26 de setembro de 2013

Velejar

Era mês de agosto, baixa temporada na praia quando o Jangadeiro me levou a um passeio por 15 reais. Ele me apresentava as curiosidades do mar, passeando sobre as ondinhas daquele azul maravilhoso, mostrando o céu, os pássaros, a vegetação, a pedra no formato de cachorro, a outra no formato de coelho, mostrando os mariscos deliciosos que eu precisava provar e que tinha lá naquele bar da frente atrás dos coqueiros.

Ele usava uma bermuda e uma camiseta manga longa pra se proteger do sol, um boné e a pochete em que carregava o dinheiro dos turistas que pagavam pelo passeio.

Fui pra longe da praia, lá no meio da água onde estava fundo porque a maré estava alta e era inverno. E tudo me encantava. Me encantou o mar, o recife, os peixes, os barcos, aquele horizonte distante mais maravilhoso do mundo. Me encantava como tudo era extremamente azul, calmo e quente, como aquela pedra realmente parecia um cachorrinho no meio do mar tomando banho de sal.

Mas nada, nada me chamou mais atenção do que uma fala daquele jangadeiro, que entre muitas histórias que contava sobre aquele lugar, me soltou: "essa é minha profissão!
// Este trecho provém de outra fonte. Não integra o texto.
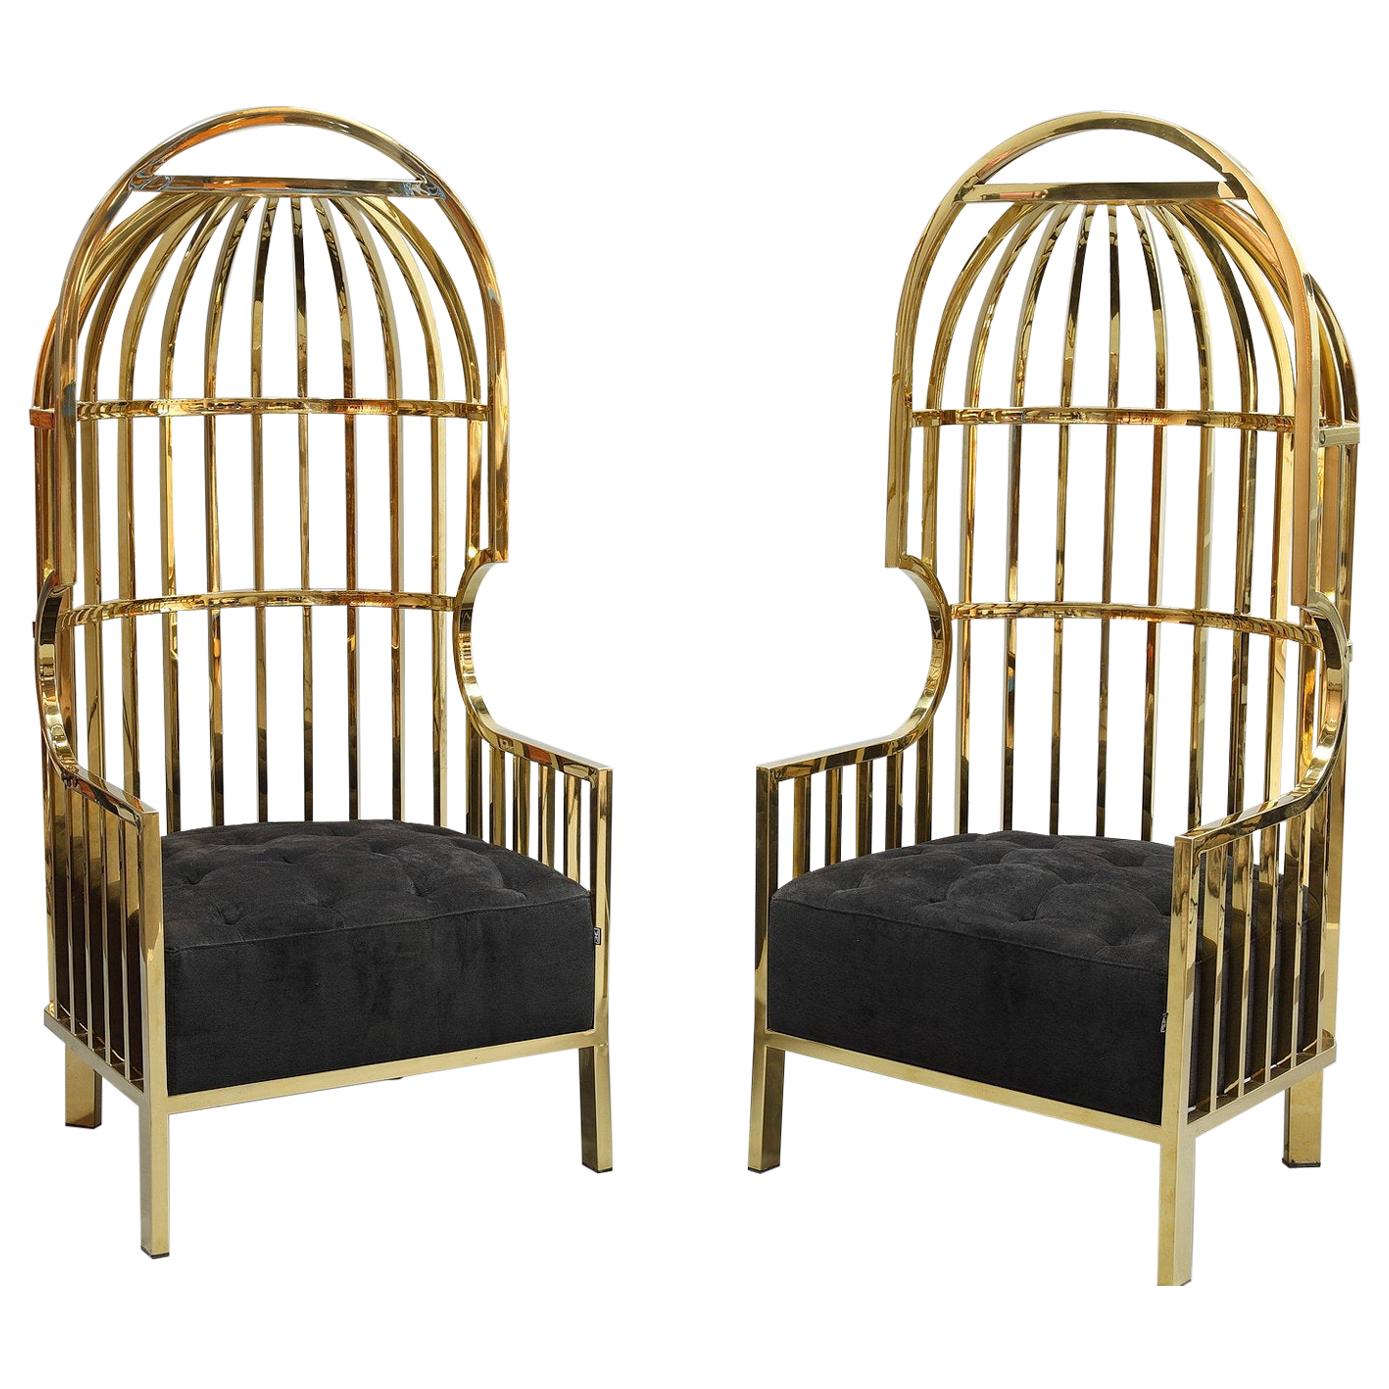 Eichholtz Bora Bora Birdcage Chairs, Gold

Chego em casa todo dia estressado, cansado desse escritório, dessa gente feia, desse lugar feio! Hahahaha"

Reparei que quando ele riu, faltava-lhe uns dentes. Faltavam dentes, talvez um bom carro, talvez faltasse uma casa com mais conforto, talvez faltara até escola, mas não lhe faltava nada. Aquele homem não tinha nada e tinha tudo.

Voltei pra minha rotina e nunca esqueci da fala daquele senhor. Vai chegando o final da semana e o cansaço acumulado vai pesando sobre os ombros. Mas sempre me lembrando do Jangadeiro, no seu escritório; que com uma frase, uma brincadeira, me põe, até hoje, a enxugar umas lágrimas que caem quando eu me pergunto o que é realmente a felicidade.

E em busca de quê é esse esforço todo. E qual a razão de tantas metas. E por que os ternos. E por que os pronomes oblíquos. E por que o trânsito. E po rque tanta pressa. E qual a razão pra se chegar tão longe, se o azul do céu também está tão perto dos meus olhos.

Penso, me angustio, me renovo e burramente, sigo no mesmo ritmo. E sempre lembrando do Jangadeiro. Que com um honorário de 15 reais esfregou nas minhas fuças o que é um escritório bom de verdade.